Key molecular targets validation and gene therapeutic approach to ARHL. (a) Gene expression changes after regulator KDs as quantified by RT-qPCR. wor and amos KDs show significant reduction of the dynein motor Dhc98D, while KD of Optix leads to overexpression of NompC; onecut KD reduces expression of both nan and iav. (n indicates the biological replicates, error bars show standard deviations, *p > 0.05, **p > 0.01). (b) Vibration velocity of the sound-receiver and the sharpness of the tuning Q are significantly reduced in Dhc98D knockdown flies (shown in red) compared to the controls (shown in dotted grey).
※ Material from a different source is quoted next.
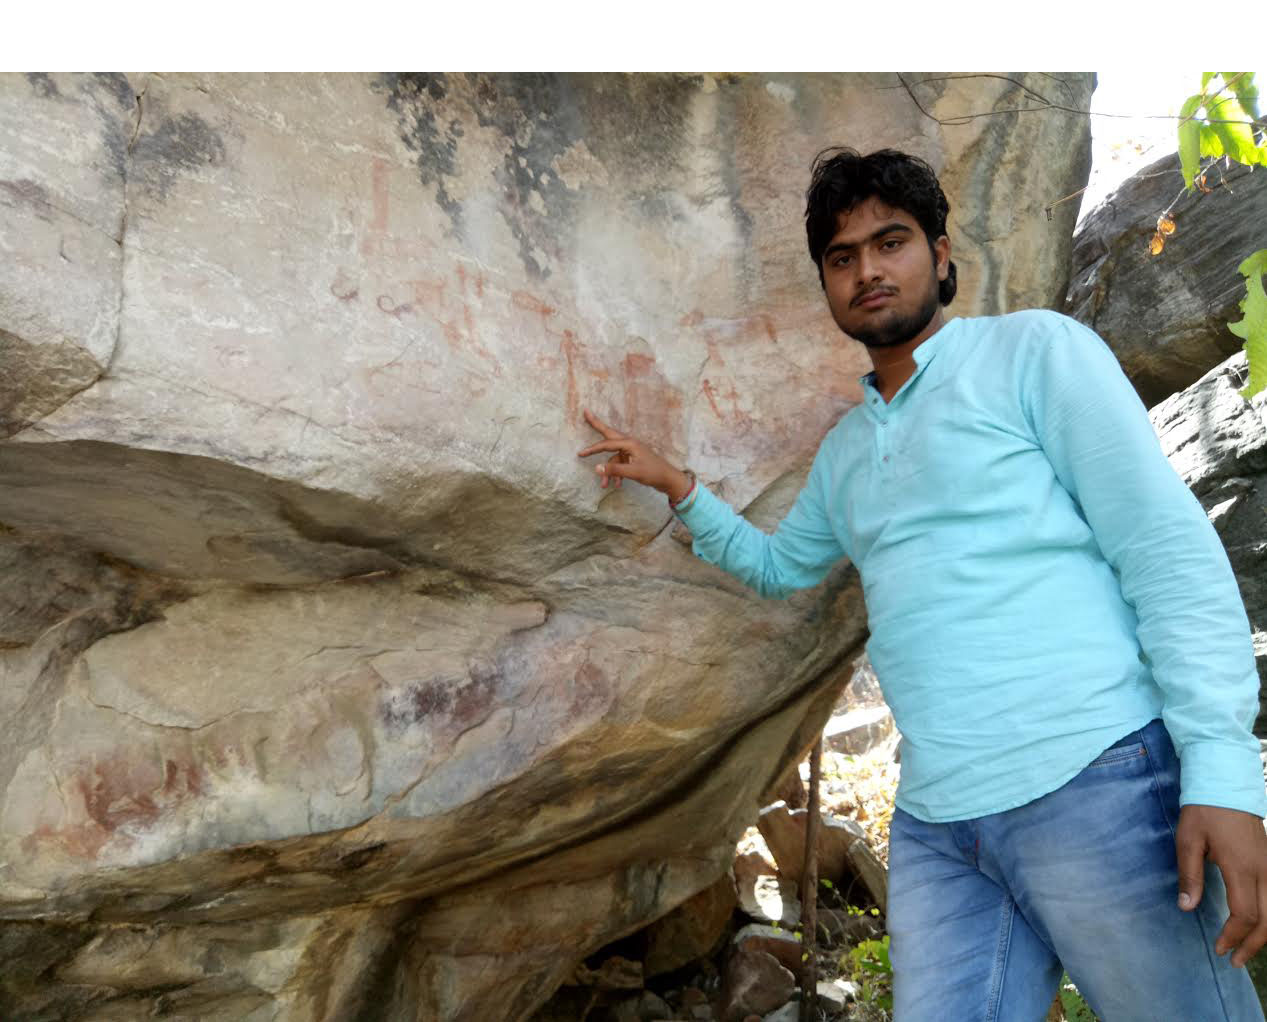 पाठा रिपोर्टिंग के दौरान मारकुंडी के जंगल मे मिले हजारों साल पुराने सभ्यता के निशान
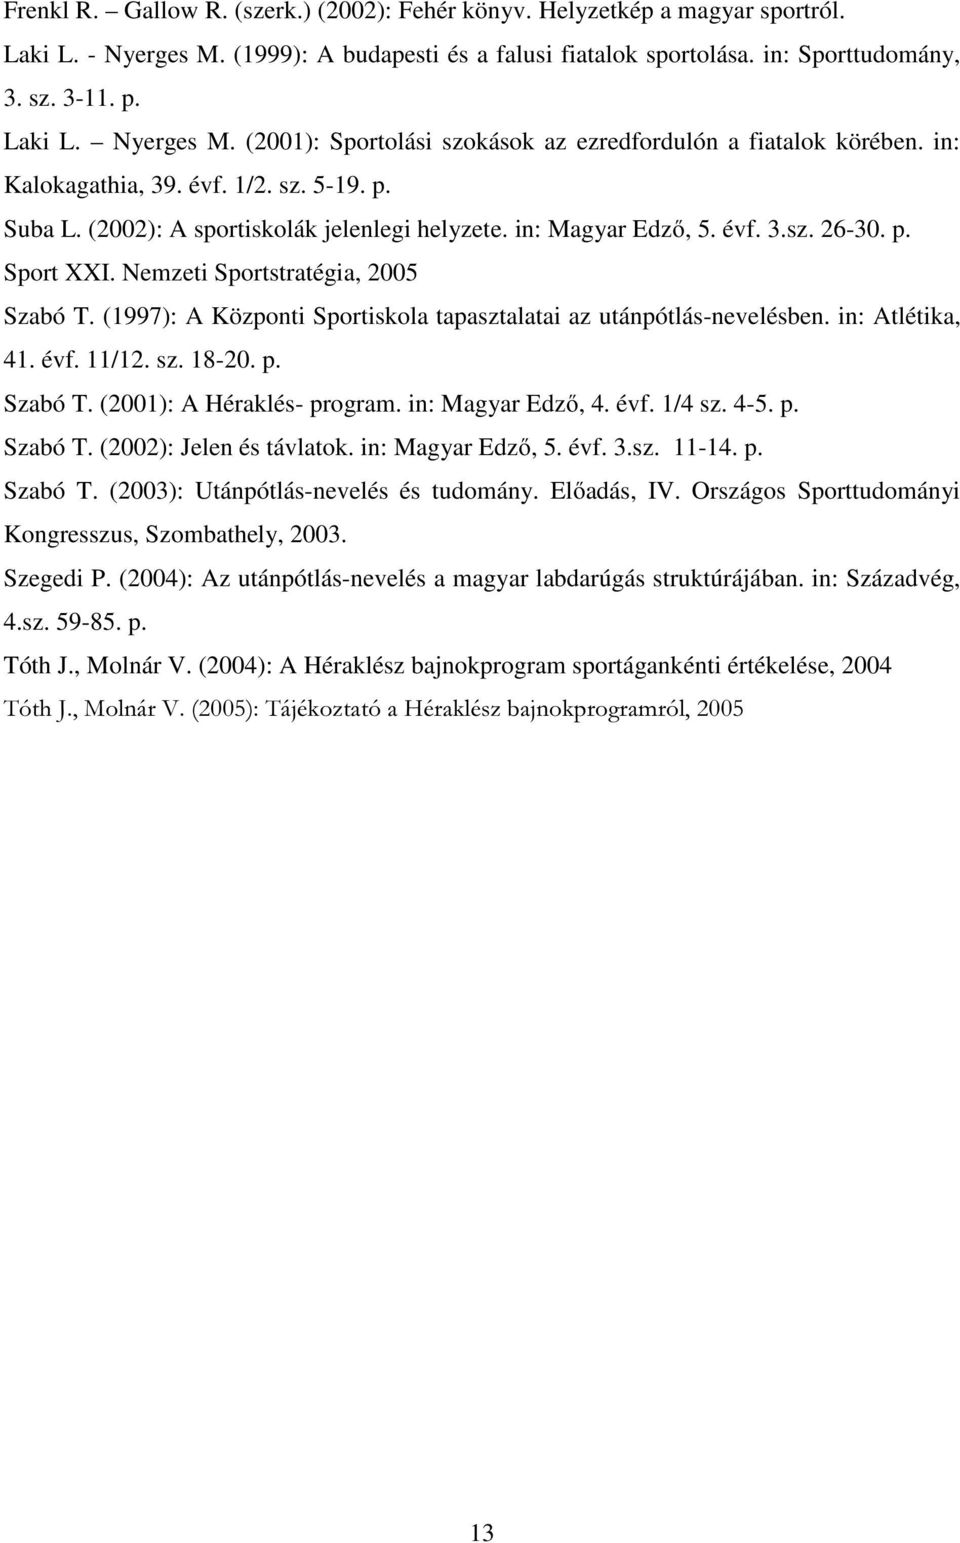 (1997): A Központi Sportiskola tapasztalatai az utánpótlás-nevelésben. in: Atlétika, 41. évf. 11/12. sz. 18-20. p. Szabó T. (2001): A Héraklés- program. in: Magyar Edző, 4. évf. 1/4 sz. 4-5. p. Szabó T. (2002): Jelen és távlatok.

See also Supplementary Table 6. (c) Power Spectral Densities of unstimulated antennal sound receivers betray accelerated age-related hearing loss (aARHL) in flies kept at 30 °C (left), with a near complete loss of receiver activity already at ~day 25 (light blue area: 1 day old flies; dark blue area: 25 day old flies). A 30-day-long amos (middle) overexpression (OE) or wor (right) knockdown (at 30 °C) protects receivers from the age-related loss of activity (dark blue: KD or OE, respectively; light blue: controls). Box plots show energy contents (power gains) for each transgenic intervention (dark blue) relative to controls (light blue).

Figure 6

Comparison of lifespan and auditory healthspan. The flies’ auditory health span (here depicted as median auditory gain in % of its maximum value) and survival rates (three independent cohorts shown) are closely aligned. Both show sharp drops from ~50 days on (stocks kept at 25 °C and 60% relative humidity).